Lawmakers square off over state's new immigration law
The Norman Transcript
The country, Morrissette said, "is big enough to follow the law. If you work, pay taxes and go by the rules, then you should be given a reasonable chance to become a U.S. citizen."
Responding to Terrill's complaints of opposition groups filing suit over the bill, Morrissette said he hoped the courts "would do something" about the bill. "I suspect they will. I suspect the federal court will take some action."
Echoing Terrill, Carol Helm, a representative of Immigration Reform for Oklahoma Now, said Oklahoma was facing an "invasion" by illegal aliens.
"Our group is non-partisan," she said. "The thing that brings us together is one issue: the illegal alien invasion."
The states, she said, have every right to enforce immigration laws.
"Why are these laws not being enforced?
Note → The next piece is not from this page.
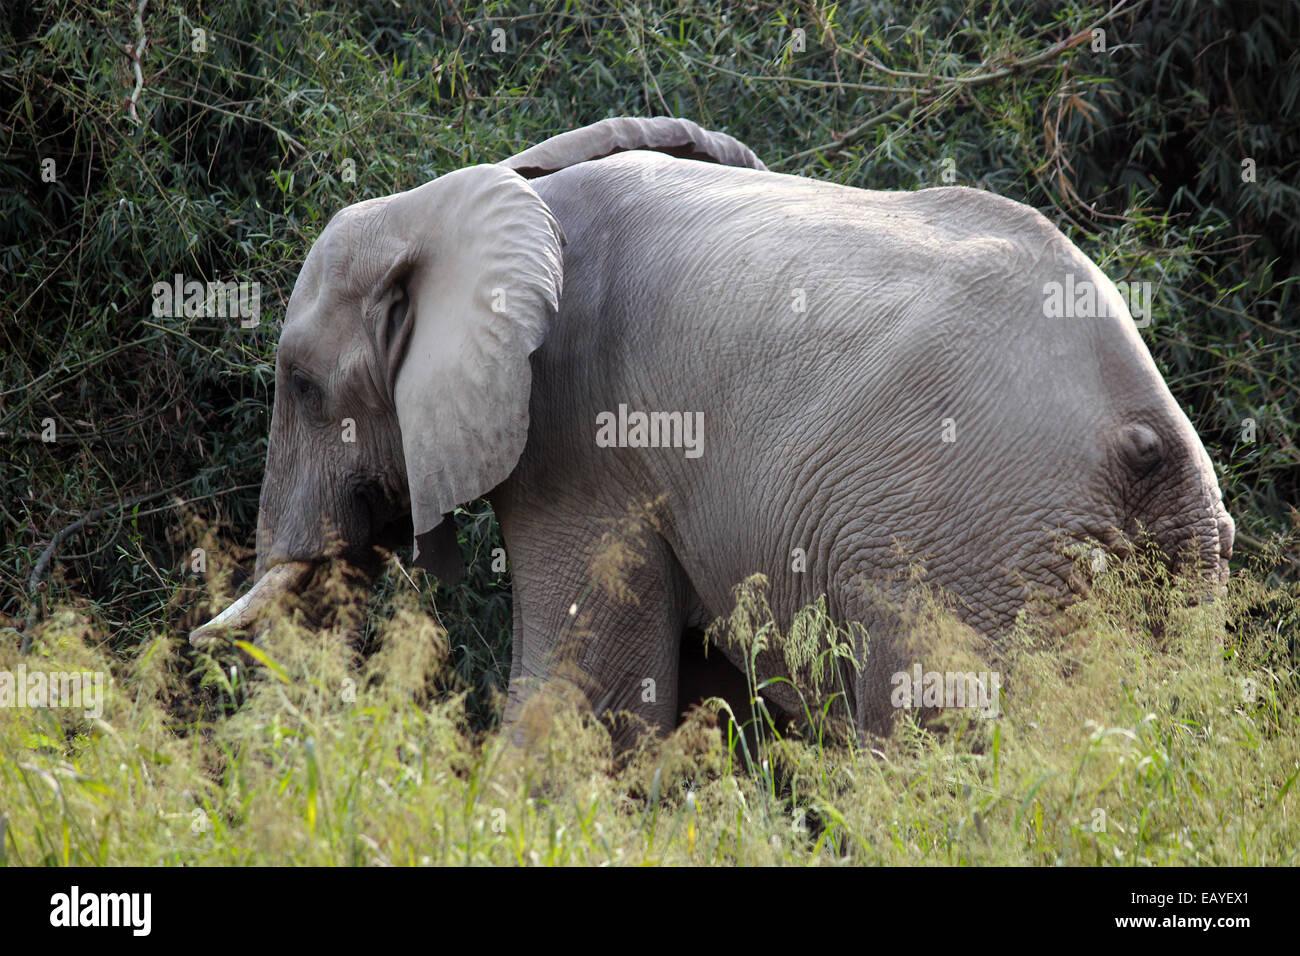 Elephant, Elephantine, Proboscidea, tusk, big ears, big body in New Delhi, India, - Stock Image

There are many, many laws on the books that are being overlooked."
The forum's fourth speaker, University of Tulsa professor Linda Allegro, said the bill has generated many unanswered questions.
"We don't have all the answers yet. We don't know if it will be more costly to enforce this law."
Allegro said other issues have been absent from the debate over the new law.
"We have to look at how the global economy is reshaping labor availability," she said. "The North American Free Trade Agreement has created a paradox, a borderless movement of goods, services and capital and, at the same time, more limited immigration."
And HB 1804 had made things worse by creating "racial divisions."
"It's contributed to more tension between whites and Hispanics; where the former are viewed as racists and the later as criminal," she said.
The Oklahoma Political Science Association annual conference continues through today at the State Capitol building.